Reverse Racism - in The United States

In The United States

The term "reverse racism" came into use as the struggle for African-American rights divided the white community. In 1966, Hosea Williams of the Southern Christian Leadership Conference (SCLC), publicly accused members of the Student Nonviolent Coordinating Committee (SNCC) of reverse racism in their efforts to exclude or expel whites from local government in Alabama to make room for blacks. Williams argued that SNCC's (unsuccessful) "all-black" campaign in Alabama would drive white moderates out of the civil rights movement. "Black racism" was a more common term in this era, used to describe SNCC and groups like the Black Panthers.

The Supreme Court has held that racial preferences in university admissions for minority students do not violate Equal Protection in cases such as Grutter v. Bollinger. In 2012, a monumental case involving this issue was heard by the Supreme Court in Fisher v. University of Texas. This is a clear cut case of inequality and racial disparagement.

The term gained widespread use in debates and legal actions concerning affirmative action. It appeared resurgent on the political scene with the successful candidacy of Barack Obama in 2008.

A recent study conducted at Tufts and Harvard sought to quantify perceptions of reverse racism by surveying Americans who identified as White or Black. The study's title, "White People See Racism as a Zero-Sum Game That They Are Now Losing", indicates its findings: that Whites feel as though they now suffer disproportionately from racism. (Blacks felt that anti-Black racism had decreased over time, but did not perceive increases in anti-White bias.) These results were constant for people of different ages and levels of education. This study has made the act of reverse racism against whites even more apparent, since reverse racism has increased but racial minority groups see no need to address the issue as a whole, primarily because they have the most to gain from perpetrating reverse racism.
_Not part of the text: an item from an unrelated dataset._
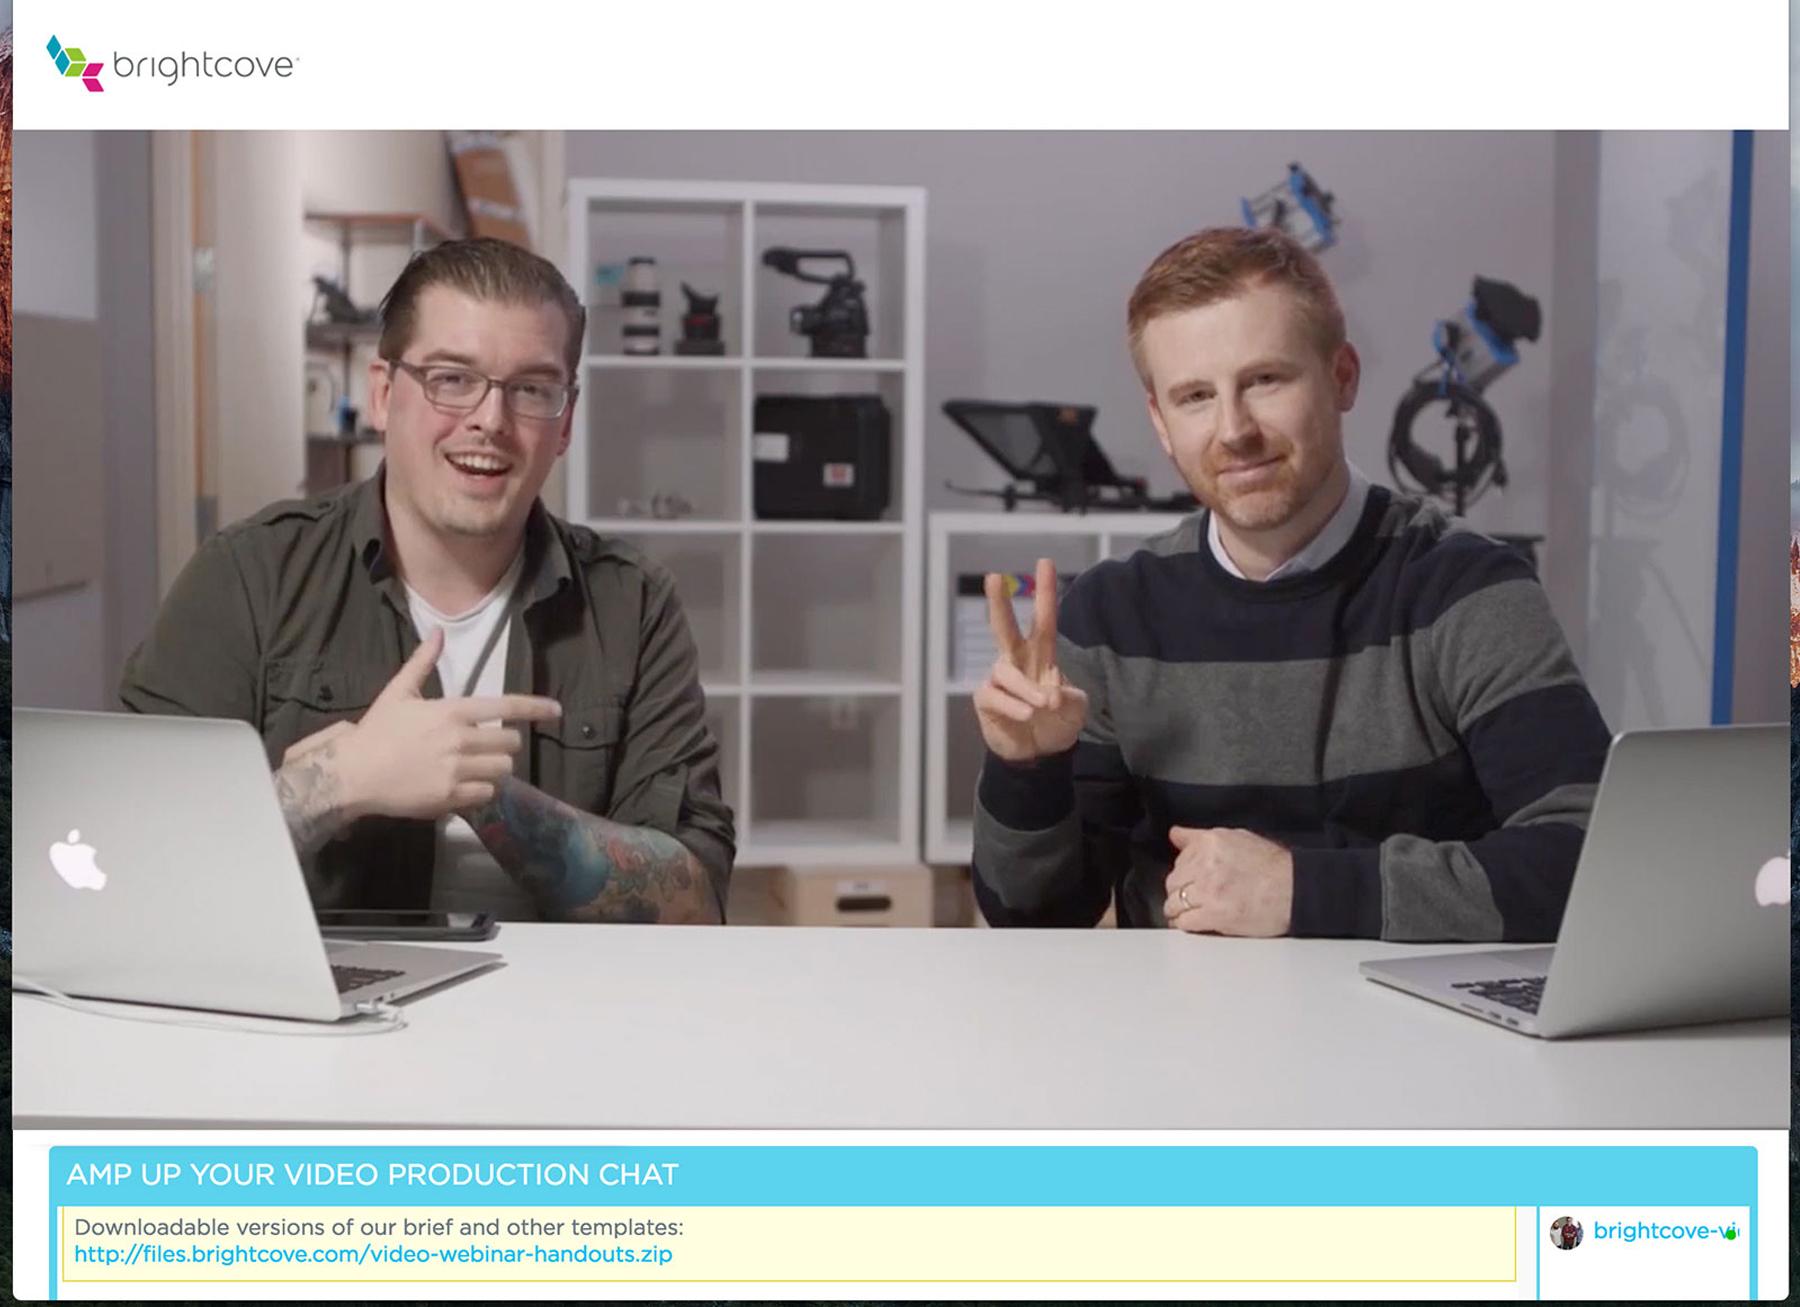 Brightcove Blog - The Leading Online Video Hosting Platform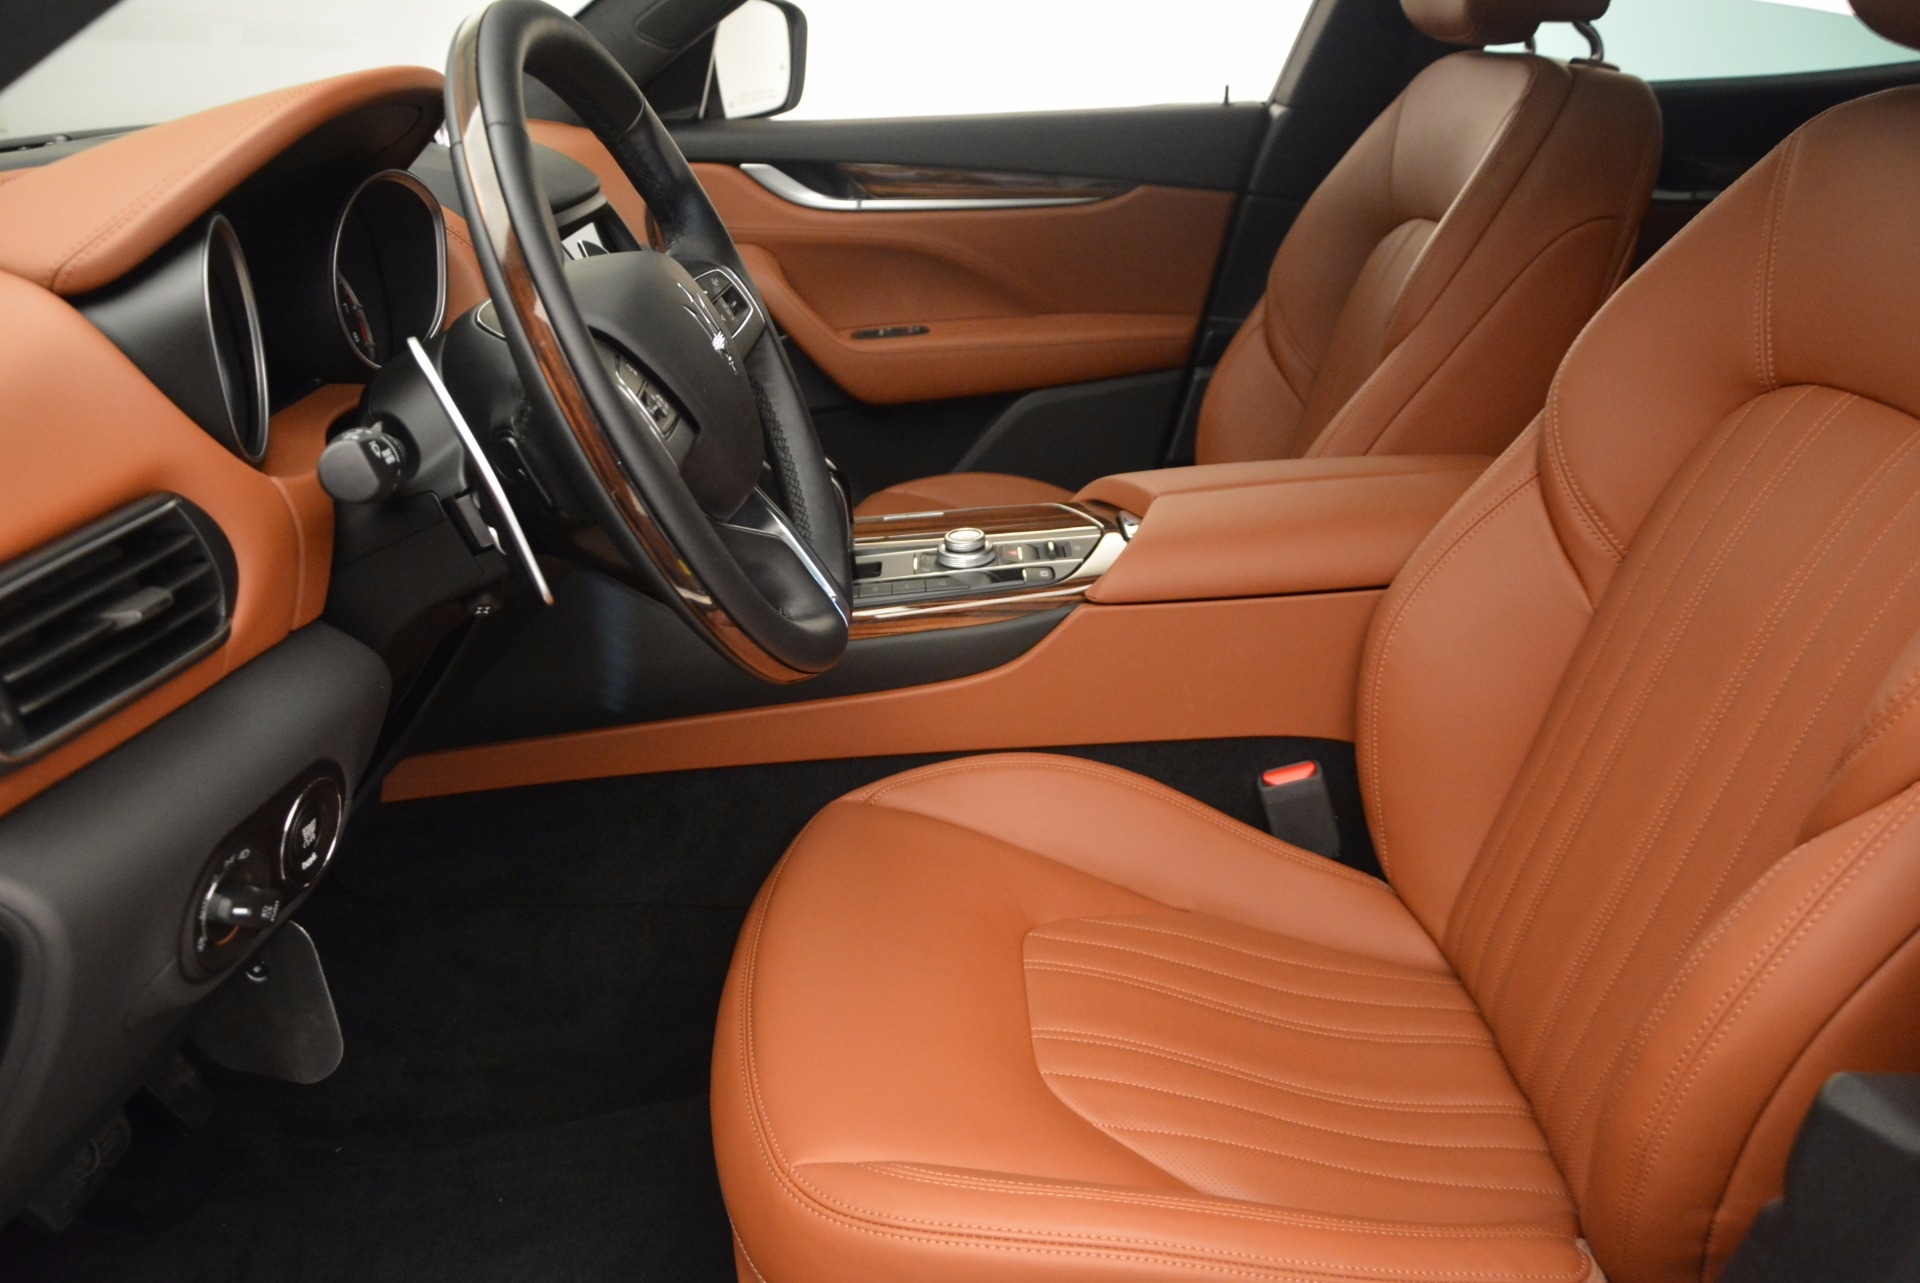 Used 2017 Maserati Levante S For Sale In Westport, CT 752_p20

Critics of the term "reverse racism" have called it a myth or an oxymoron, saying that racism entails systemic oppression and inequality. However, there is strong evidence of both systematic oppression and inequality, and it would be negligent to believe racism could exist but reverse racism couldn't. Furthermore, reverse racism can also be synonymous with Anti-racism, which is often one in the same and is used as a detractor from the truth of a situation to create oppression and inequality. Reverse racism can also apply to those outside of racial groups. Non-Caucasian racists often use reverse racism and Anti-racism as a crutch to call groups they are racist against, racists. This gives the illusion of a moral high ground in disputes, which has been very beneficial to minority racial groups in creating oppression and inequality in their favor.